2. Description of the Related Art Conventionally, especially in a wooden building, FIG.
As shown in FIG. 2, the upper end of the anchor bolt a protruding from the upper surface of the concrete foundation b is inserted through an insertion hole d formed in a suitable position on the base c so as to penetrate the concrete foundation b.
The base c was directly mounted on the base, and the washer e and the nut n were attached to the protruding ends of the anchor bolts a and screw-fitted. Rigid connections are also made between buildings and foundations such as RC structures, S structures, and SRC structures, and between piers and bridge girders in bridges.

[0003]

However, the above structure has a problem to be solved as follows. (1) Earthquake shocks, vibrations, etc. are transmitted to buildings and bridge girders as they are. (2) The structure is large in size, since it is only a structure that can withstand the impact of an earthquake by using many braces and bearing walls to harden it, and the buildings and bridges themselves shake in the same way as the ground vibrations. Buildings and bridges are likely to collapse or break in an earthquake.

[0004]

SUMMARY OF THE INVENTION In view of the problems (1) and (2) based on the above-mentioned prior art, the present invention is directed to a vertical body in a cylindrical body made of an elastic material such as synthetic resin or rubber. A plurality of slide disks in a stacked state are accommodated, the frictional resistance of the sliding contact surfaces of a pair of adjacent slide disks is extremely reduced, and a concrete foundation and a pier in a building (base) or a bridge are provided on the upper and lower portions of the cylindrical body. A pair of upper and lower metal fixing plates is installed on the bridge girder to form a seismic isolation device.

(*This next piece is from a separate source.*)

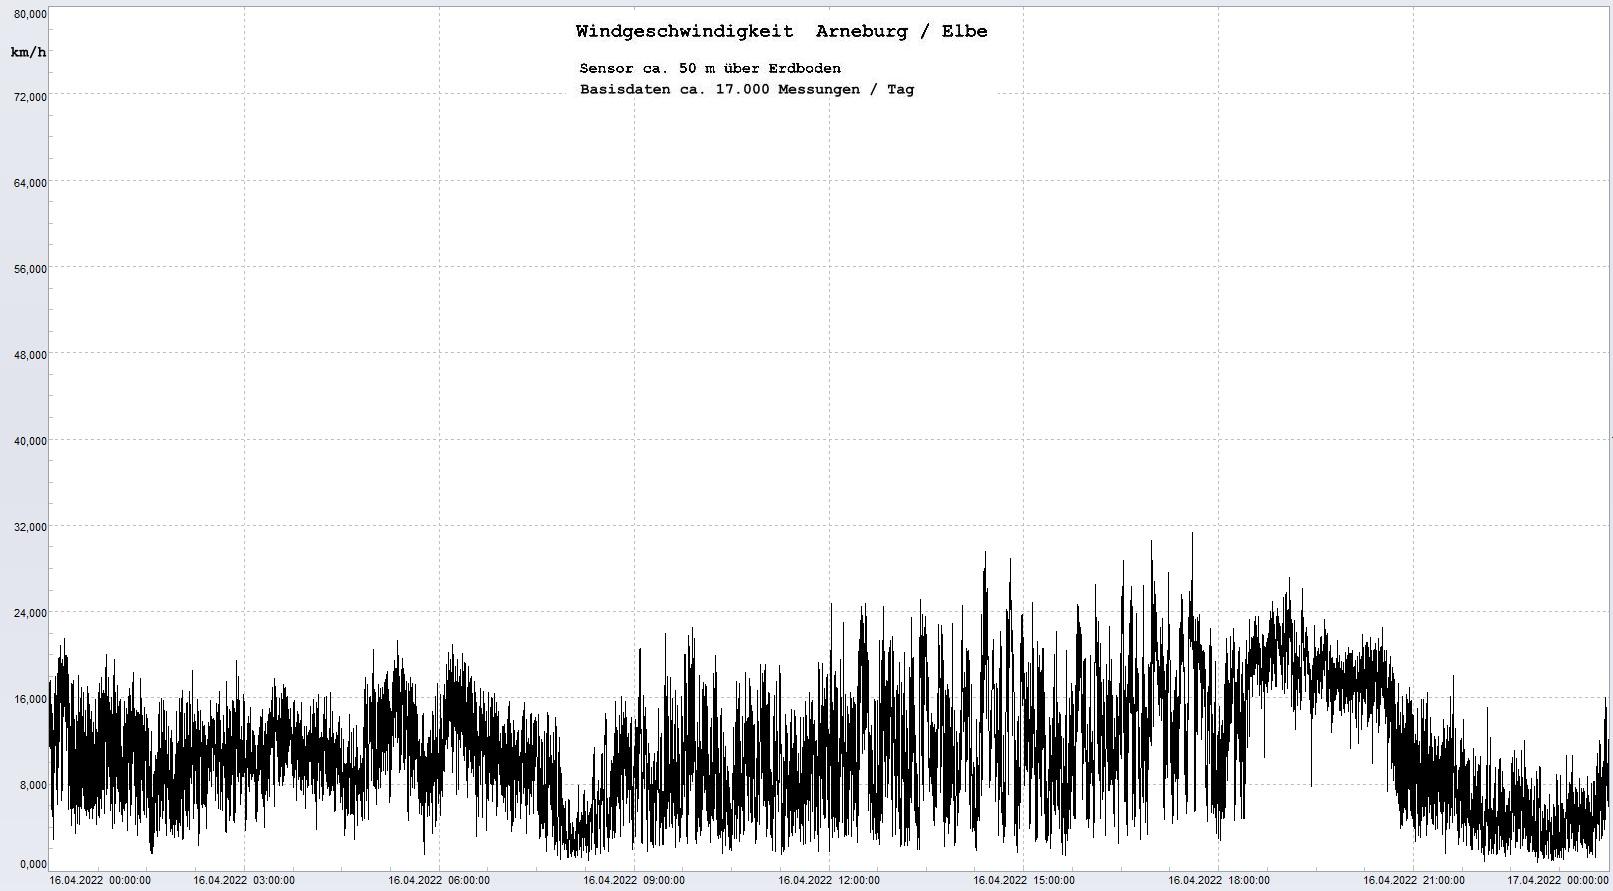 Arneburg Tages-Diagramm Winddaten, 16.04.2023
  Diaramm, Sensor auf Gebäude, ca. 50 m über Erdboden, Basis: 5s-Aufzeichnung

[0005] An anchor bolt on a concrete foundation is inserted into the bolt insertion hole of the lower fixing plate of the seismic isolation device, and a washer and a nut are attached to a protruding end of the anchor bolt and screwed into the concrete. A plurality of seismic isolation devices are installed and fixed at predetermined positions on a foundation or a pier, and a base or a bridge girder is laid on the seismic isolation device, and the base is appropriately fixed to an upper fixing plate of the seismic isolation device, By fixing the base and the seismic isolation device, and interposing the seismic isolation device between the concrete foundation and the base, the building is vibrated in a long cycle and the vibration caused by the earthquake is attenuated and transmitted to the building or bridge girder To solve the above problem.

[0006]

DESCRIPTION OF THE PREFERRED EMBODIMENTS One embodiment of the present invention will be described below with reference to the drawings. As shown in FIGS. 18 to 21, the seismic isolation device 1 is provided at an appropriate position on the concrete foundation B in the building W.
1a ... is arranged and fixed, and the seismic isolation device 1, 1a ...
The base C of the building W is laid and fixed thereon, and the seismic isolation devices 1, 1a, ... are interposed between the concrete foundation B and the base C. Also, the seismic isolation device 1, 1a ...
Are anchored to the concrete foundation B, and a plurality of anchor bolts A, Aa,.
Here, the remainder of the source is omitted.